La situation avait récemment provoqué la colère du président de la République française, Emmanuel Macron, qui dénonçait encore fin avril « la folie du système français », où le Président jugeait comme étant un « bordel » le fonctionnement des praticiens diplômés hors Union européenne. « C’est un truc qui me rend dingue ! C’est la folie du système français », s’exclamait-il, regrettant que cette disposition ne favorise pas davantage l’intégration des médecins étrangers en France, malgré leur rôle essentiel dans la lutte contre les déserts médicaux.
Le Gouvernement souhaite désormais réformer les modalités de titularisation. Le ministère de la Santé évoque une simplification des EVC et une reconnaissance accrue de l’expérience acquise dans les établissements. Une évolution réclamée depuis plusieurs années par les collectifs de PADHUE et une partie des directions hospitalières.

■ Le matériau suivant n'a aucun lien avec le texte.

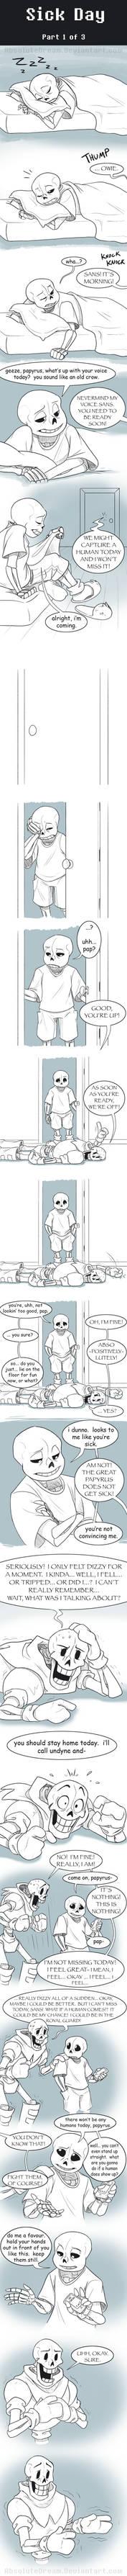 UT Comic: Sick Day Part1

Entre contrôle et nécessité
Les révélations sur les alertes européennes non consultées compliquent cependant l’équation politique. L’exécutif doit simultanément rassurer les citoyens, sur la sécurité des soins dispensés, mais aussi éviter de fragiliser davantage un système hospitalier qui marche sur des oeufs. Car si les contrôles insuffisants interrogent, la dépendance française à ces médecins est toute aussi manifeste.
À Mayotte, cette réalité est visible depuis longtemps. L’hôpital y fonctionne dans un équilibre précaire où chaque départ de praticien provoque immédiatement des difficultés de remplacement. Bien que le directeur du Centre hospitalier de Mayotte (CHM), rapportait en février 2026, avoir retrouvé des effectifs suffisants dans le service des urgences, passant de « périodes où seul un voire deux médecins assuraient les urgences » à « trente-huit urgentistes » le 13 février dernier, dans certains services, la question n’est plus d’améliorer l’offre de soins, mais simplement de maintenir une continuité minimale au regard des crises successives pouvant se répercuter rapidement sur l’unique hôpital de l’île.
Dans ce contexte de fragilité structurelle du système hospitalier, la question des conditions d’exercice des praticiens étrangers et du contrôle de leurs diplômes s’impose désormais au niveau national, poussant les autorités à annoncer de nouvelles mesures.
Une mission lancée par la ministre de la Santé

Lors du Conseil des ministres du 6 mai dernier, la porte-parole du Gouvernement, Maud Bregeon, a indiqué à la presse, que la ministre de la Santé avait « été extrêmement réactive » et « a annoncé récemment une mission de l’Inspection générale des affaires sociales pour résoudre ce sujet et améliorer l’efficacité des contrôles d’autorisation d’exercer et de diplômes ».
Interrogée sur la sécurité des patients dans l’attente des conclusions de cette étude, la porte-parole du Gouvernement n’a pas apporté de réponse précise sur ce point, se contentant de rappeler l’action engagée par la ministre de la Santé : « Je vous dis quelle a été l’action de la ministre de la Santé ». Elle a également renvoyé la presse aux travaux en cours, invitant à « attendre les résultats et conclusions de cette mission ».